STORED DATA
- Opening Delimiter -

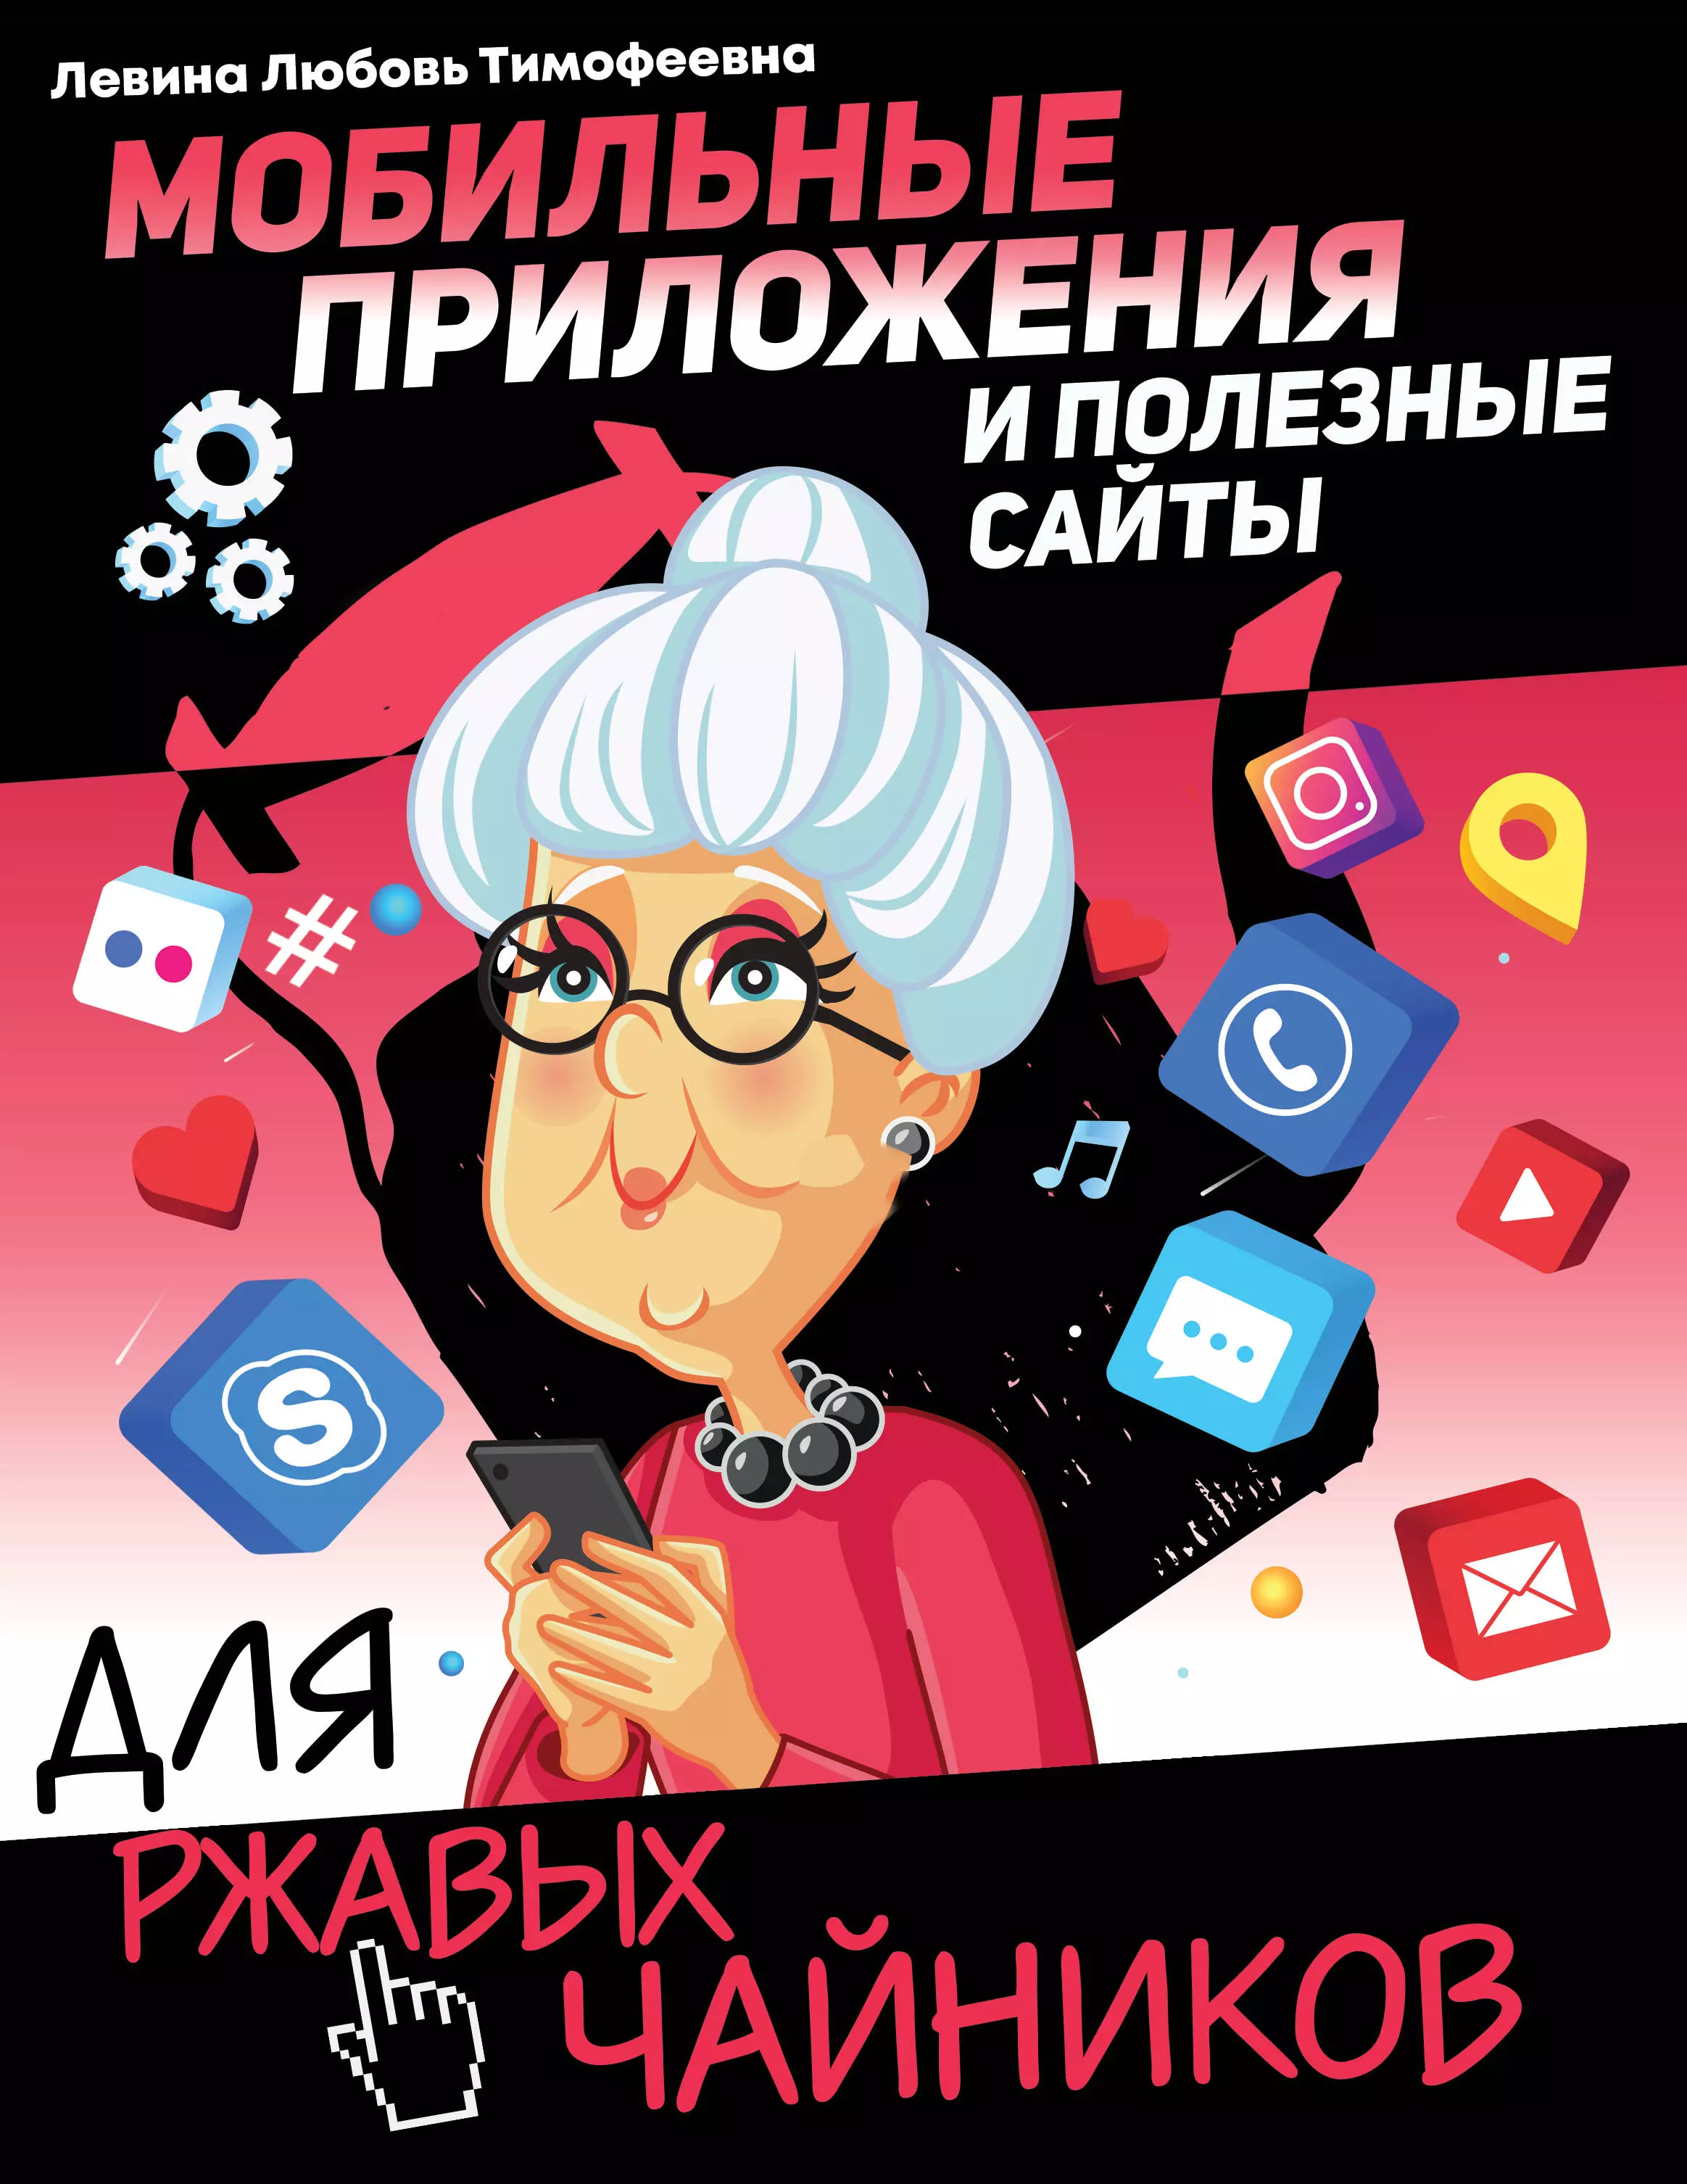 Левина Любовь Тимофеевна - Мобильные приложения и полезные сайты для ржавых чайников
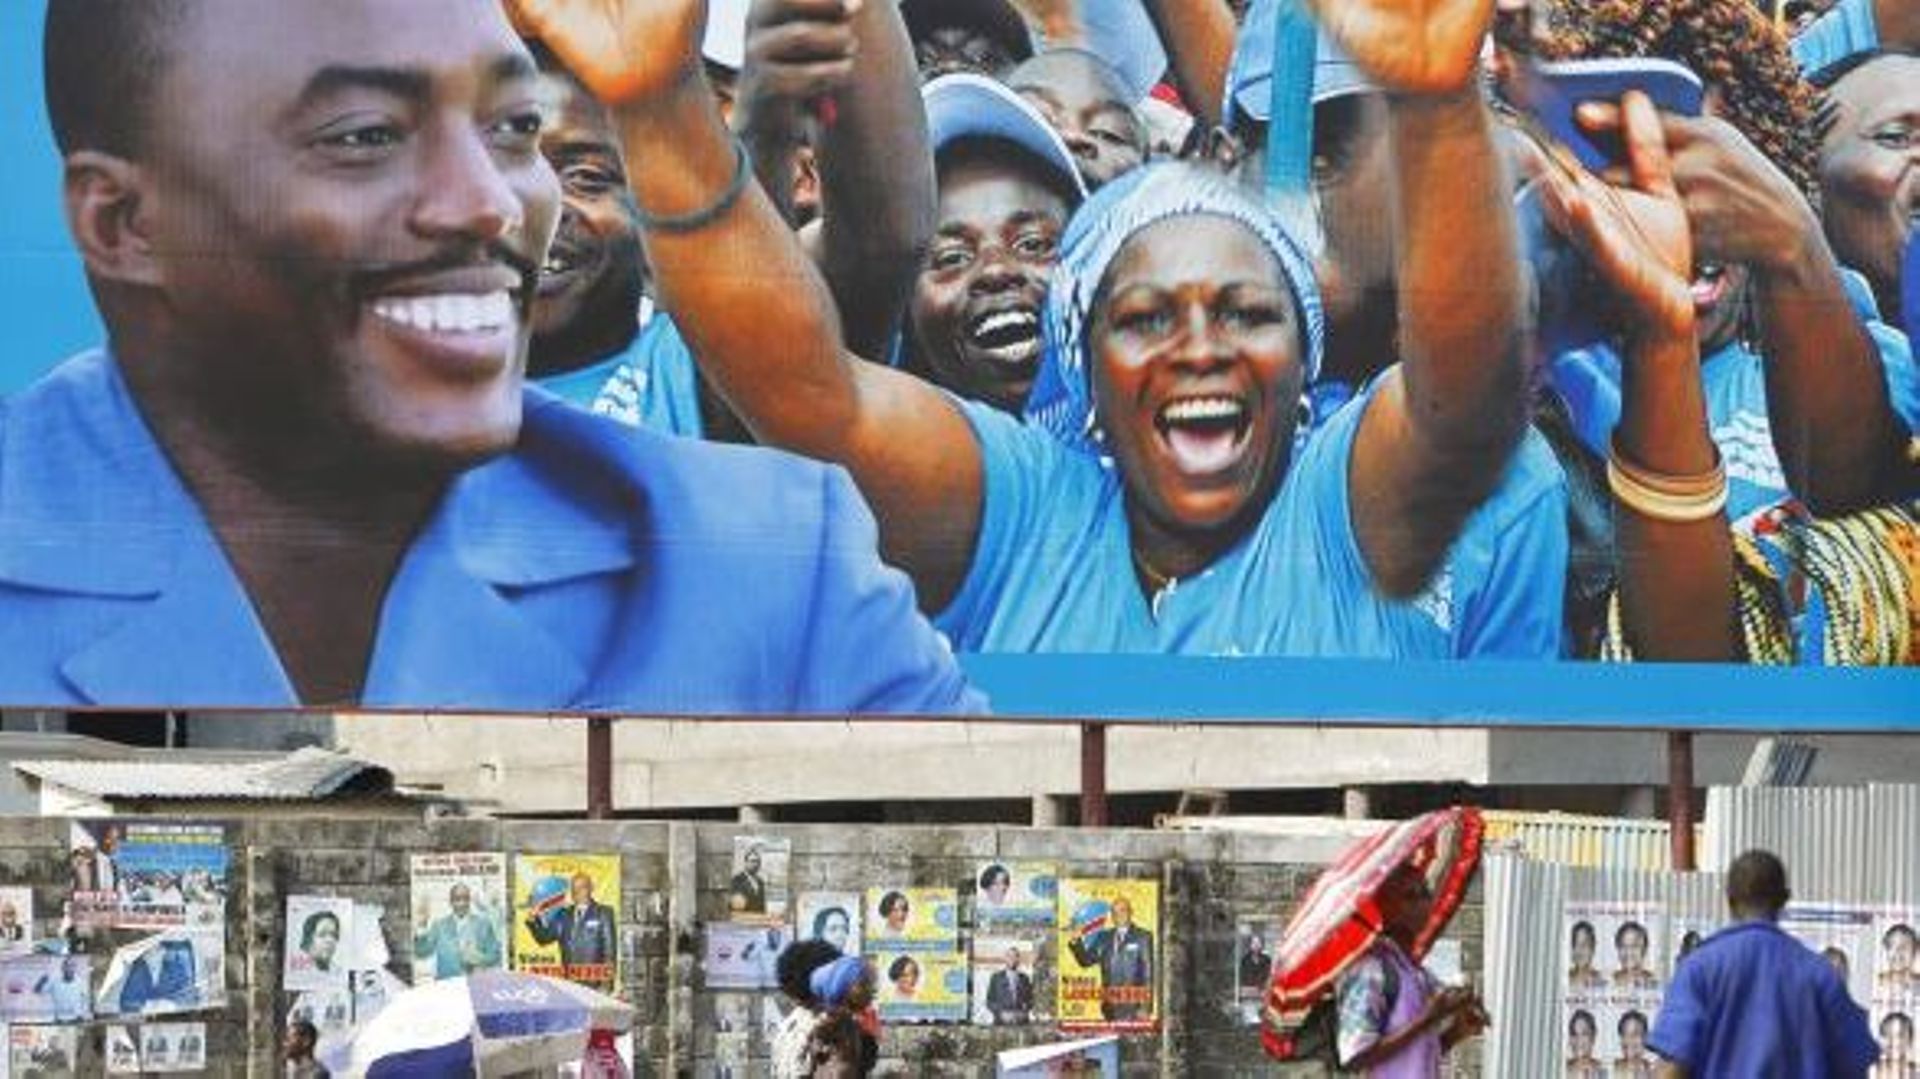 Elections RDC: Joseph Kabila vainqueur, Etienne Tshisekedi s'autoproclame
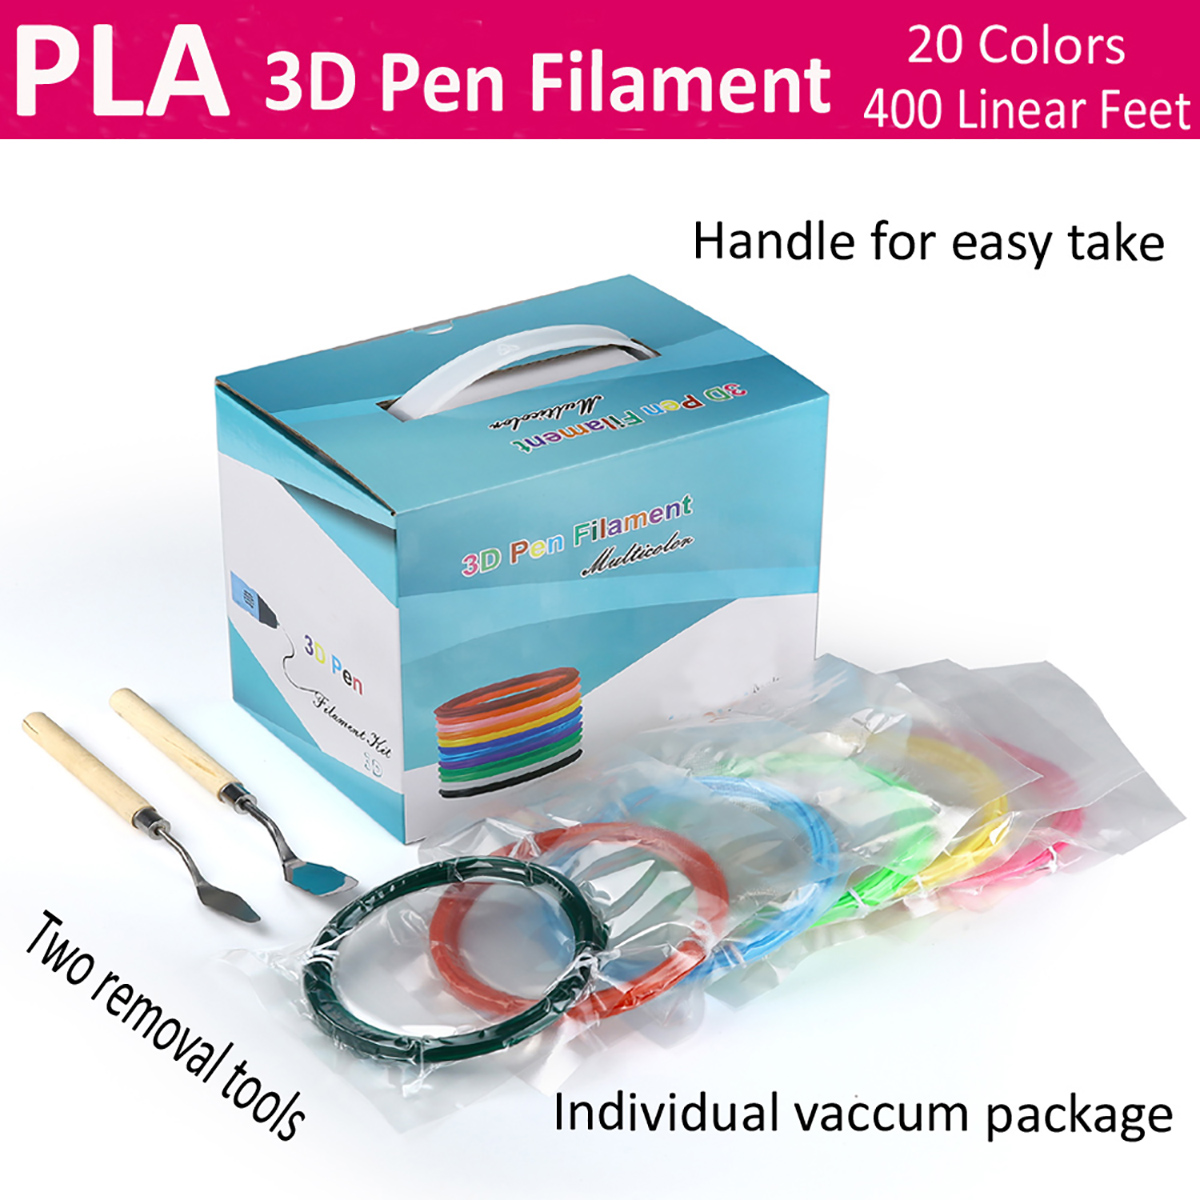 PLA 3D-penfilament2
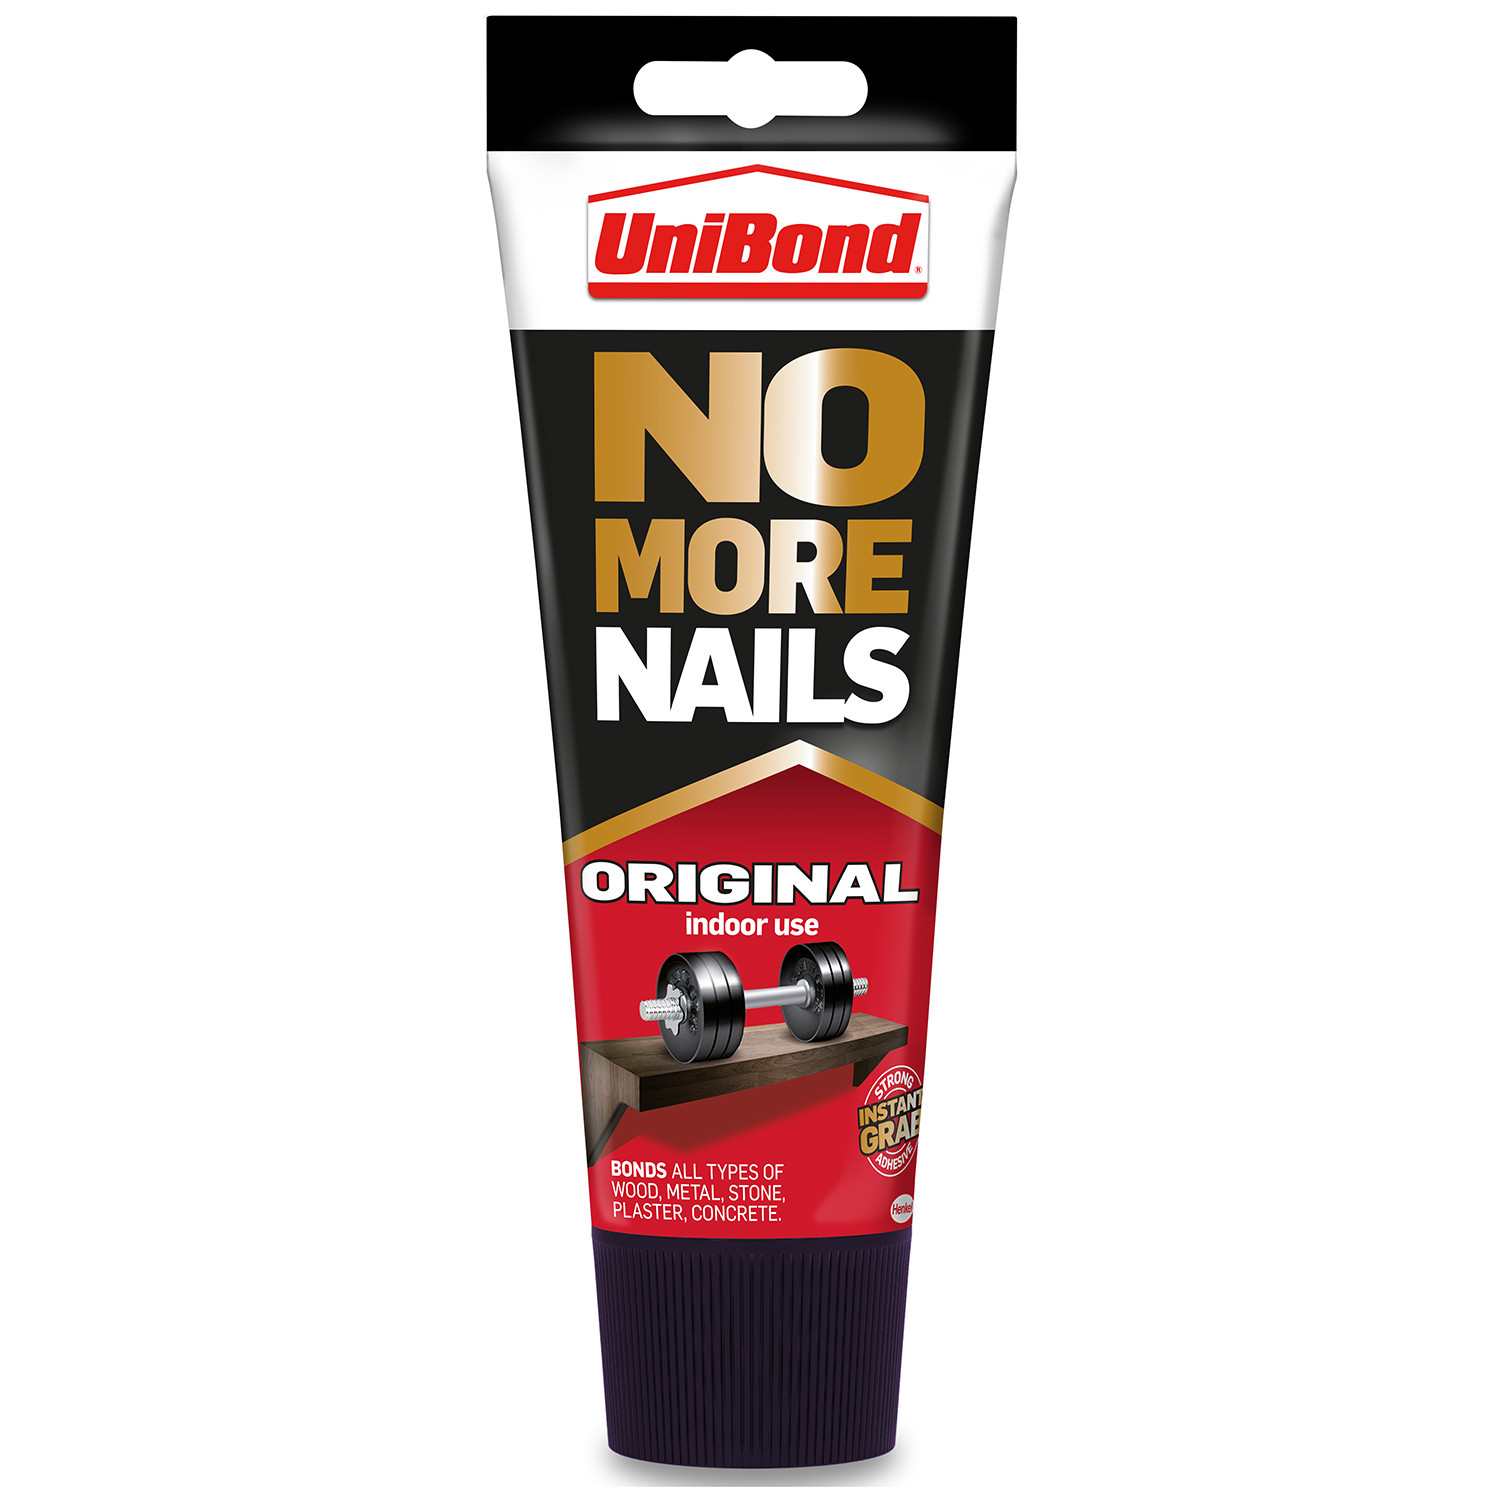 UniBond No More Nails Grab Adhesive Tube 234g Image 1

- Closing Delimiter -

GOAL OF THE EXERCISE
Word for word, return the material above, but drop the pictures.

SOLUTION TO THE EXERCISE
 Левина Любовь Тимофеевна - Мобильные приложения и полезные сайты для ржавых чайников
 Elections RDC: Joseph Kabila vainqueur, Etienne Tshisekedi s'autoproclame
 PLA 3D-penfilament2
 UniBond No More Nails Grab Adhesive Tube 234g Image 1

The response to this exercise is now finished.